In PA, the costs of providing a lower-level of care, which surely will occur, will be astronomical.
Joe Fahy discusses the kind of people who will be eligible for subsidies, writing that the Rendell Plan calls "for subsidized coverage for people up to 300 percent of the federal poverty level ($30,630 for an individual, $61,950 for a family of four). "
In other words, the state assumes people making up to $62,000 have incomes low enough to make their families eligible for assistance. In a typical PA town like the one where I live -- Ambridge -- the portion of families exceeding an annual income of $62,000 is probably around 2%. (Relax, I'm not one of them)
When you "subsidize" something, you make its cost APPEAR lower. People then demand MORE of the low-cost item, be it draft beer or health care.
Unforunately, when basically everyone is eligible for a subsidy, any Plan to "assist" them is economically unworkable. If everybody gets, somebody -- and something -- has to give.
The best way for the Rendell proposals to become viable would be: (1) get Bill Gates to move to PA; (2) confiscate his assets; (3) spend the newfound billions on health care, until the money runs out.
Who's to provide the abundant subsidies? Small businesses, whom the state presumes have a lot of extra money rattling around, health insurers expected to absorb some of the costs, and of course the ever-flush taxpayers. (On KDKA-TV at this moment, I hear I'm to stay tuned for "Gov. Rendell's proposal to increase the state sales tax.")
What about the lucky folks who make in exess of $62,000 annually? According to the Governor, they would pay about $280 per month per individual. However, Massachusetts and Vermont, with similar plans, estimate the average unsubsized individual will pay about about $380 per month.
Is the PA Plan better than what already exists -- with no Plan? In his article, Joe Fahy saves that pressing question for last.

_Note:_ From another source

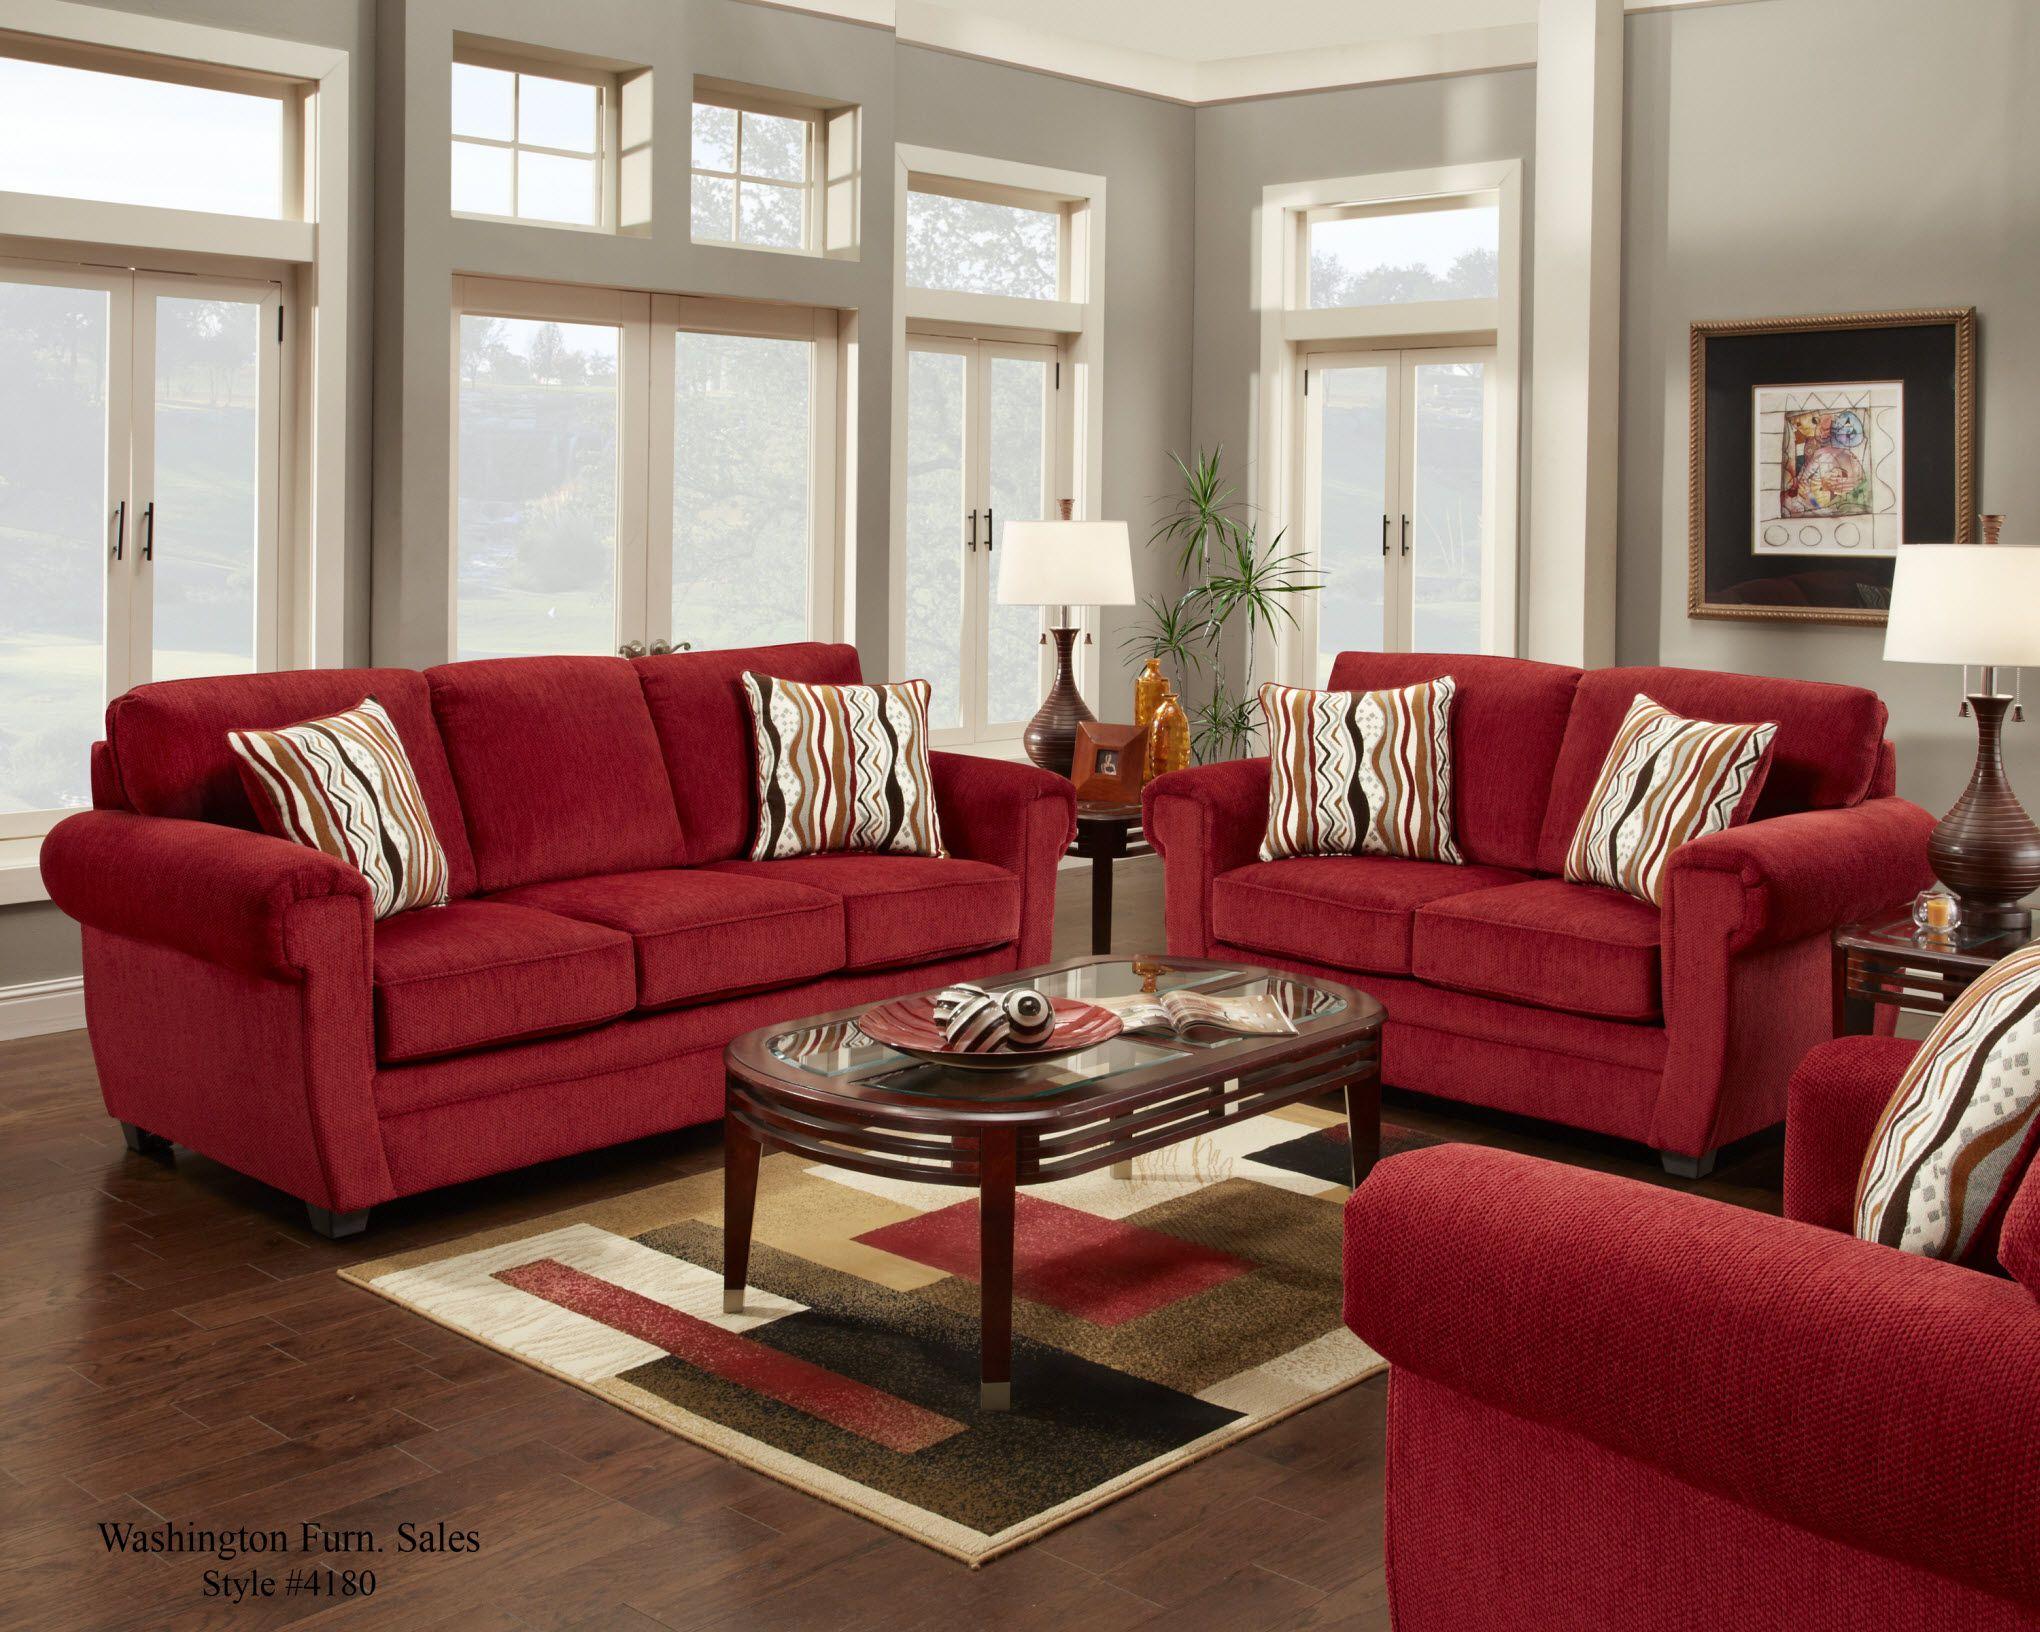 4180 Washington Samson Red Sofa and Loveseat @ www
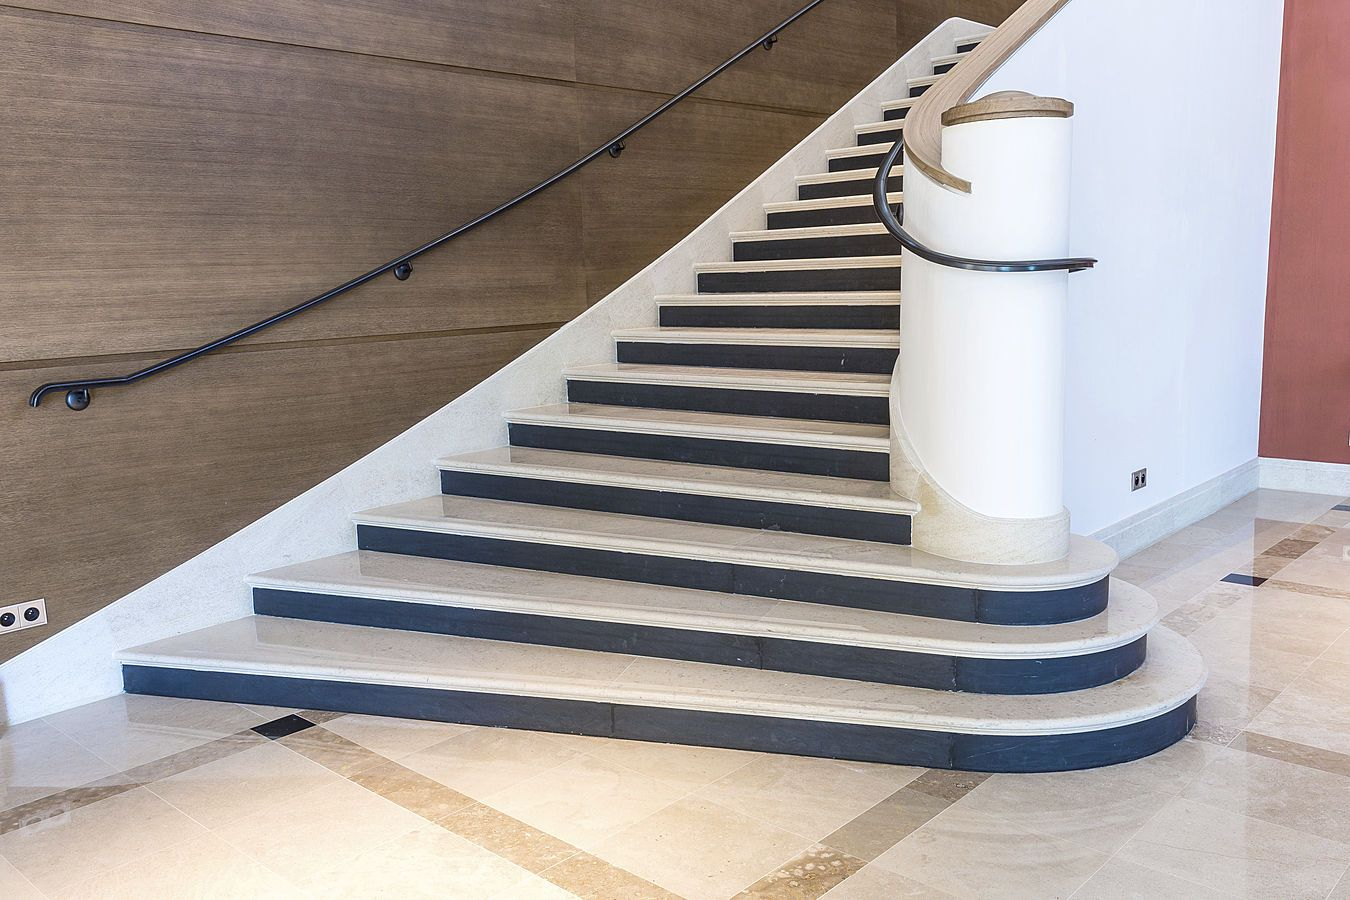 pin escalier beton on pinterest. Black Bedroom Furniture Sets. Home Design Ideas

He says, "In some cases, the unsubsidized cost appears comparable to that of other available coverage. One option available through Highmark, for example, offers coverage for a four-member family of about $759 per month."
Astounding! Perhaps the Governor could give the uninsured the money -- bypassing the middle man -- and let them buy their own insurance. Perhaps he could use the gambling revenues? Oops, forgot: they're already spoken for.
As a society, we need more doctors, more efficient care centers (small, lower-cost hospitals), more information about treatment options and prices, and more patient choice. If we don't get those things, Governor Rendell, along with the next five governors, won't come anywhere near solving the health problem.
If the current Plan's aims are to make doctors richer, fill already-teeming emergency rooms from floor to ceiling, and further diminish the quality of patient care, it will be a resounding success.
Note: I've promised additional comments on Tracie Mauriello's fine Sunday article on legislative cookie-jar tampering, and I'll deliver late today (Monday).